While traveling to Mantua, the exiled Valentine is kidnapped by outlaws, who have been banished also. They demand that Valentine become their king, but if he refuses, they intend to kill him; Valentine accepts. In Milan, Julia (disguised as Sebastian) delivers to Silvia the ring Proteus gave her, on his behalf (not realizing the page was actually his Veronese girlfriend). Silvia enlists her friend Sir Eglamour to help her escape her betrothal to Thurio, and to find Valentine instead. However, while traveling through the forest, they are overtaken by a band of outlaws. Eglamour runs away, leaving Silvia to fend for herself.

By then, the Duke, Proteus, and Thurio, along with the disguised Julia, organize a search party for Silvia. Proteus wrests Silvia away from the outlaws. Proteus demands that Silvia give him some sign of her favor for freeing her, but she refuses. He tries to rape her, but the hidden Valentine emerges and stops him. Proteus apologizes, and Valentine offers to give him Silvia as a token of their friendship. Then "Sebastian" (Julia) faints, revealing her true identity. Proteus decides he really loves Julia more than Silvia, taking her instead. The Duke realizes that Thurio is a thug, and recognizes Valentine is much nobler and should marry Silvia. Valentine asks for clemency for the outlaws, and suggests that his marriage to Silvia and Proteus' marriage to Julia should take place on the same day.

Productions

Broadway 
After tryouts at the Delacorte Theater in Central Park in the summer of 1971 and twenty previews, the Broadway production, directed by Mel Shapiro and choreographed by Jean Erdman replaced by Dennis Nahat for Broadway and London productions, opened on December 1, 1971 at the St. James Theatre, where it ran for 614 performances.  The cast included Raul Julia, Clifton Davis, Jonelle Allen and Diana Davila in the leads; Stockard Channing and Jeff Goldblum (in his first Broadway performance) were in the chorus. In his review for The New York Times, Clive Barnes wrote, "What I really love about Two Gentlemen is its simplicity. Beneath all the multicolored gimmicks and extravagances, there are real people living and loving, and this I find very moving."

The musical won two Tony Awards including Best Musical over such shows as Grease and Follies.

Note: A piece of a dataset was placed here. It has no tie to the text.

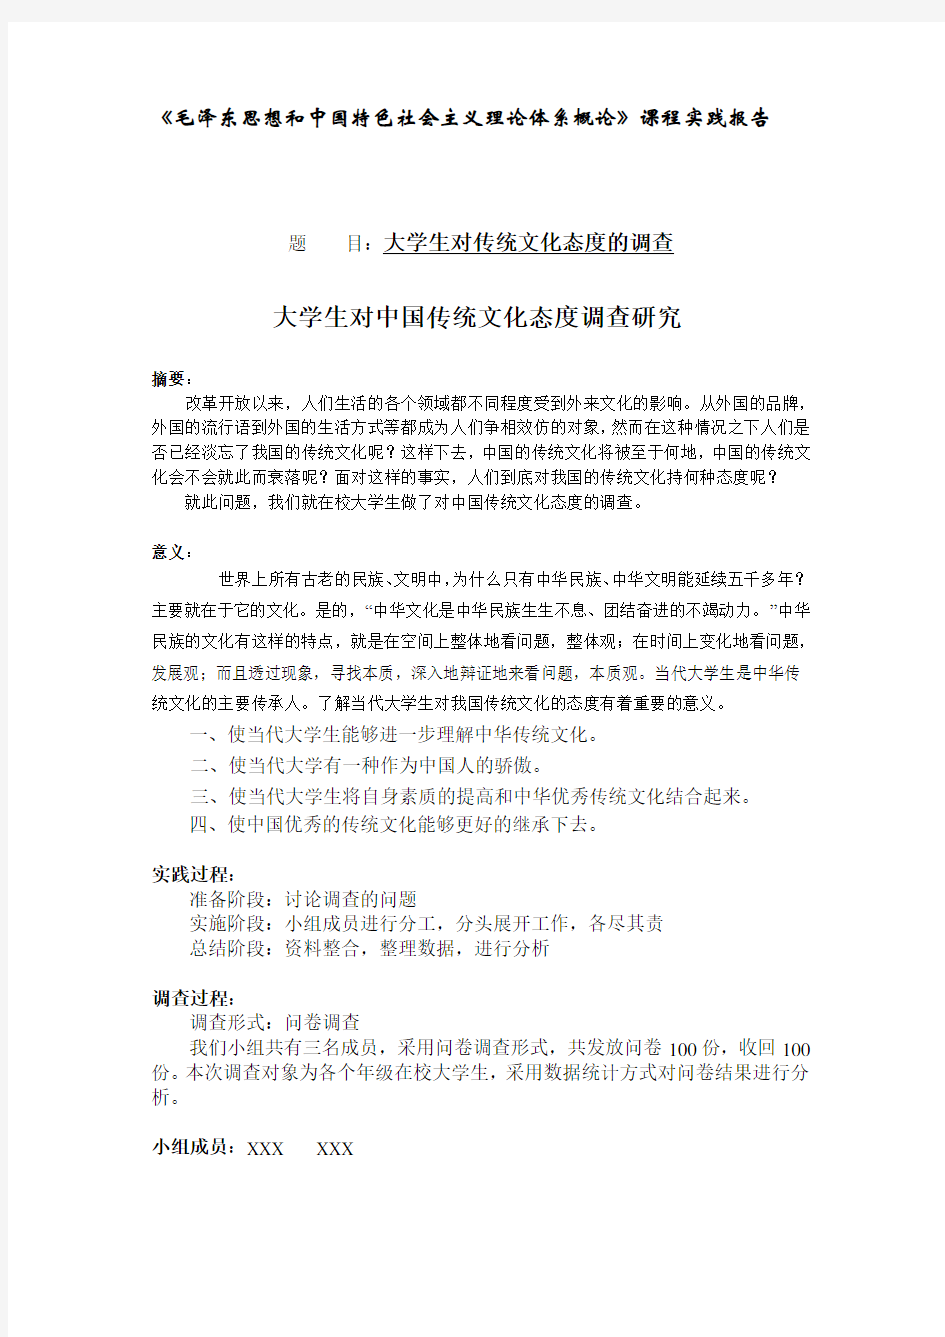 毛概关于“大学生对中国传统文化态度”的调查报告

The original Broadway cast album was released on ABC Records in the US at the time; through merger and acquisition over the years, the Universal Music Group now owns the rights. The master tapes were restored for digital release through the Decca Broadway label in 2002.

Australia 
An Australian production was presented at Her Majesty's Theatre in Melbourne, opening on March 31, 1973. The production featured John Waters, Gilbert Price, Gail Boggs and Judd Jones.

West End 
A West End production was mounted at the Phoenix Theatre beginning on April 26, 1973 and ran for 237 performances.  Mel Shapiro directed with Dennis Nahat staging and choreography.  The original London cast included B. J. Arnau (Silvia), Ray C. Davis (Proteus), Jean Gilbert (Julia), Derek Griffiths (Thurio), Benny Lee (Launce), Michael Staniforth (Speed), and Samuel E. Wright (Valentine).

Revivals 
The New Jersey Shakespeare Festival revived the piece in 1996, directed by Robert Duke and starring Philip Hernandez, Dana M. Reeve, and Keith Byron Kirk.

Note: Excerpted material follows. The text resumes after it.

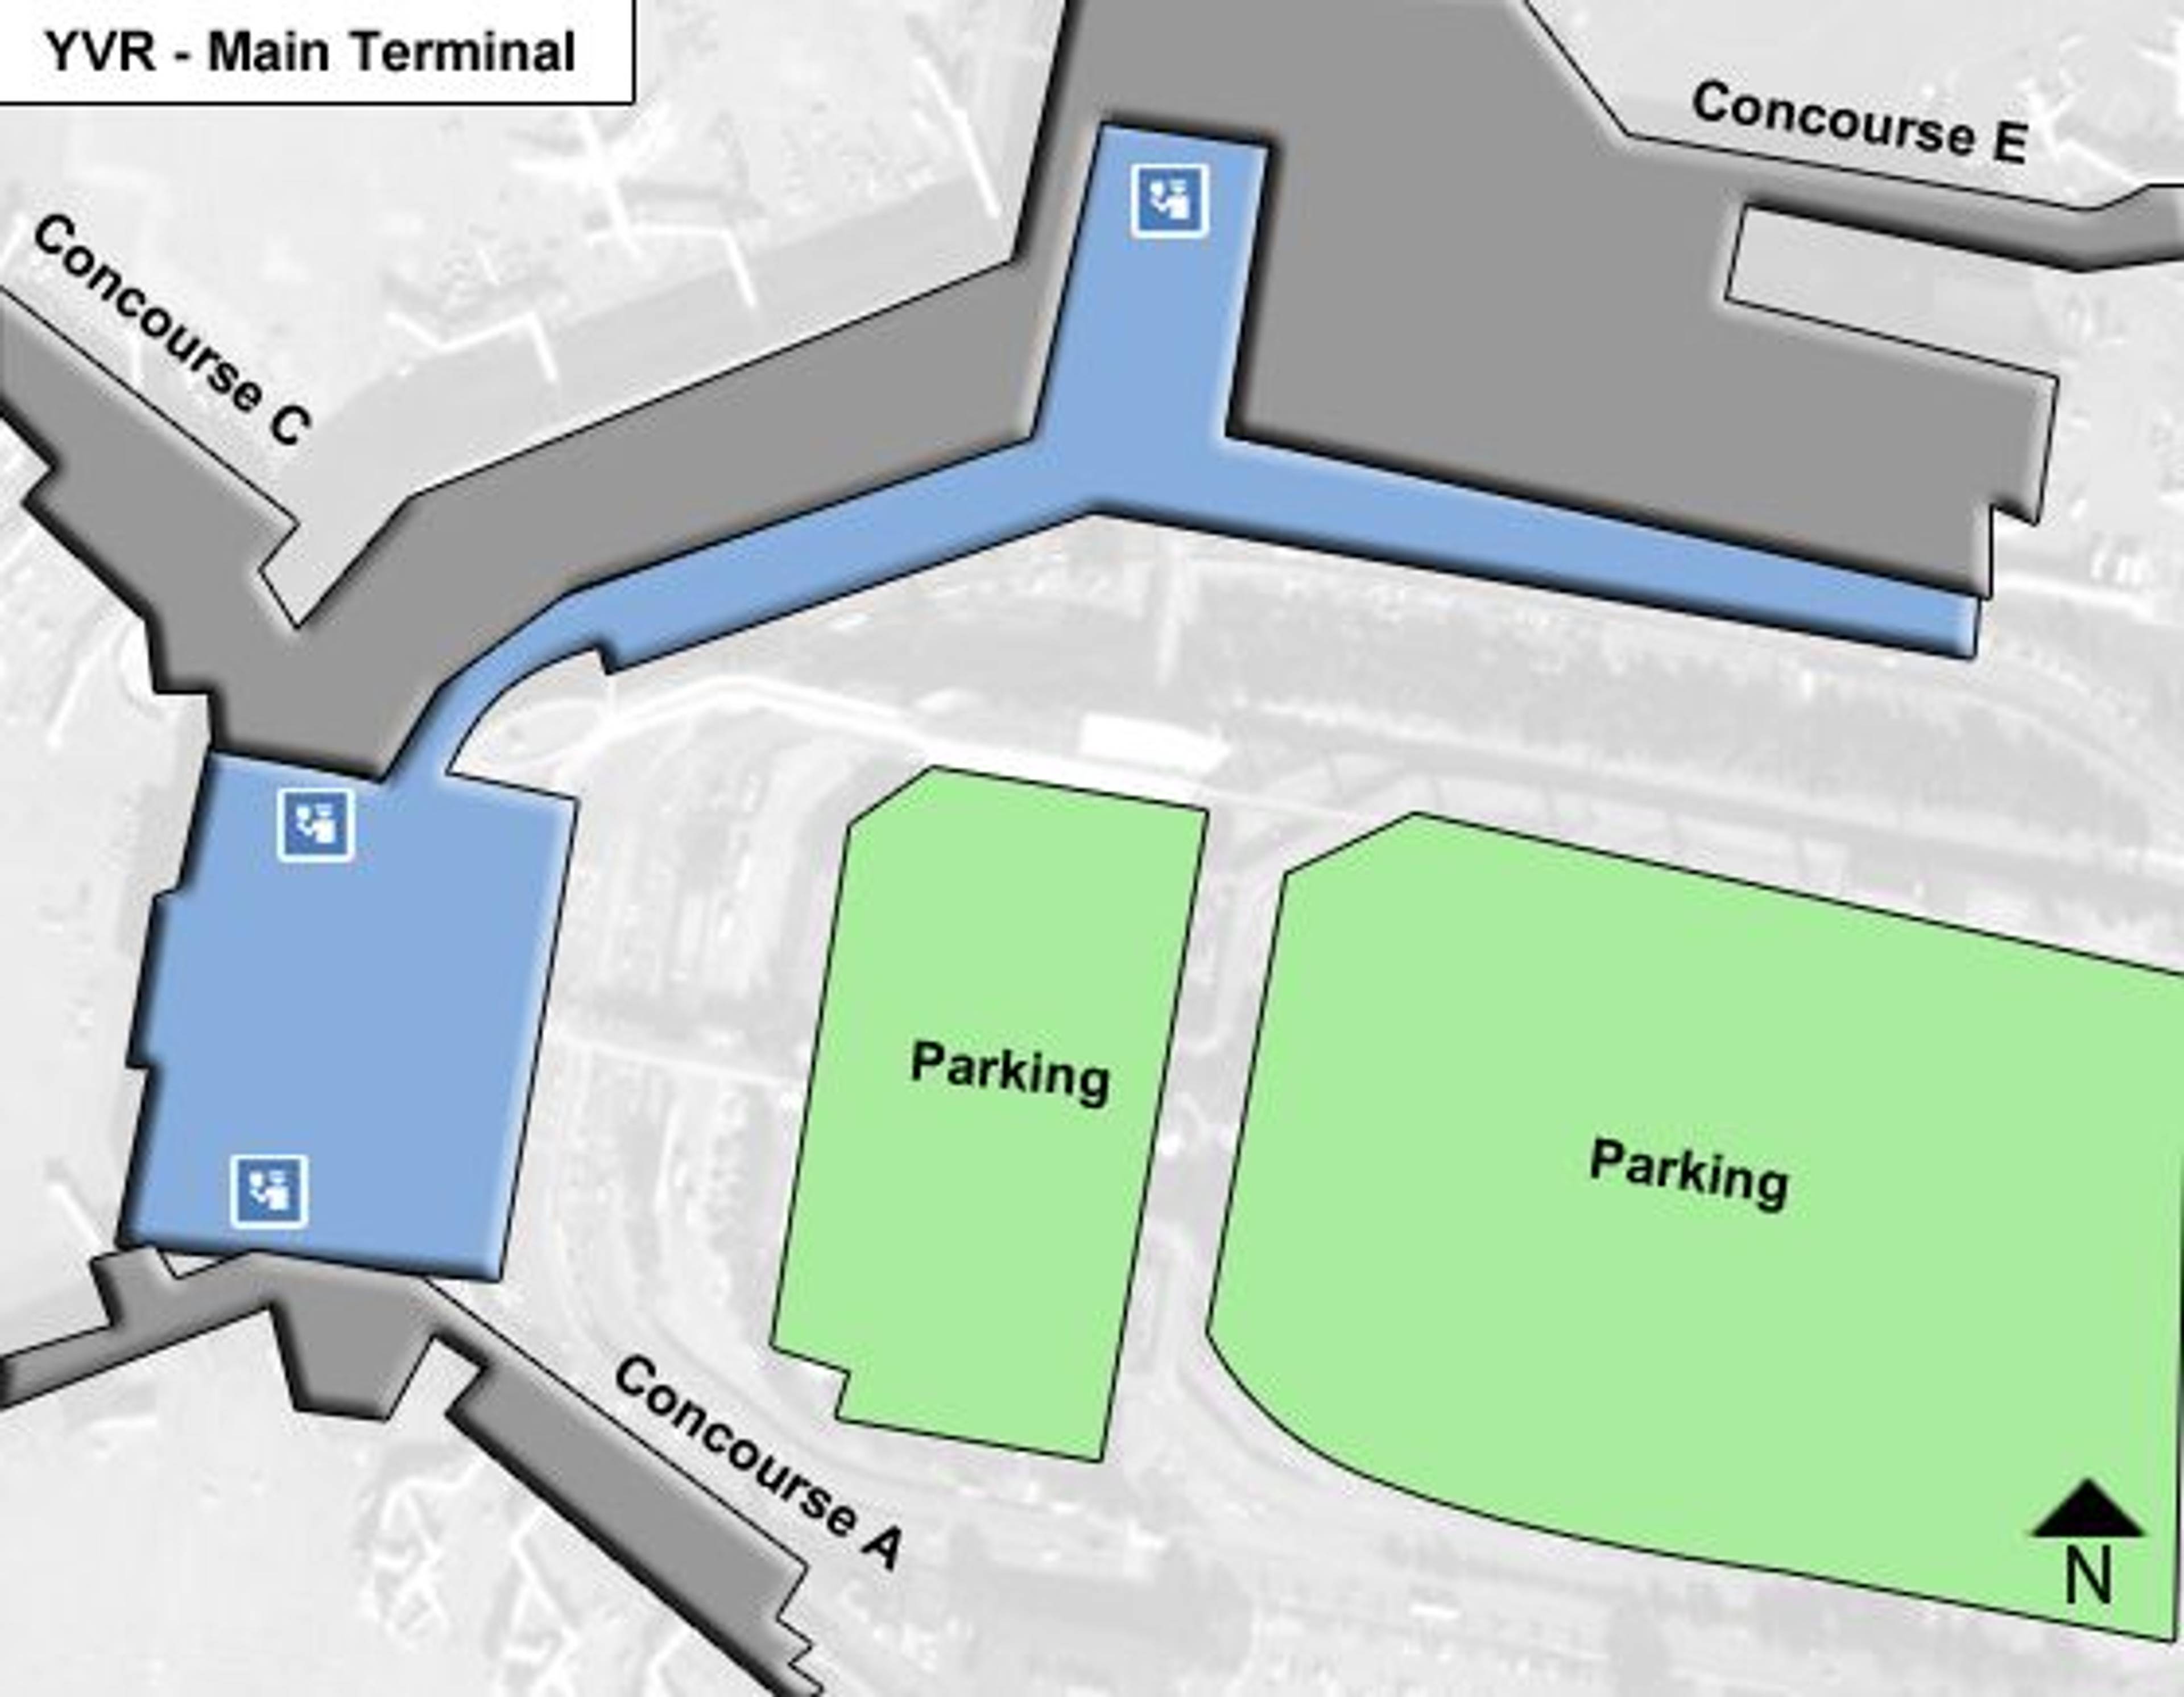 Richmond Airport Main Terminal Map

The musical was revived by the Public Theater in their Shakespeare in the Park series for a limited run, from August 28, 2005, to September 11, 2005, at the Delacorte Theater.  Kathleen Marshall directed and choreographed, and the cast featured Norm Lewis (Valentine), Oscar Isaac (Proteus), Rosario Dawson (Julia), Renée Elise Goldsberry (Silvia), Paolo Montalban (Eglamour), Mel Johnson Jr. (Duke of Milan) and John Cariani (Speed).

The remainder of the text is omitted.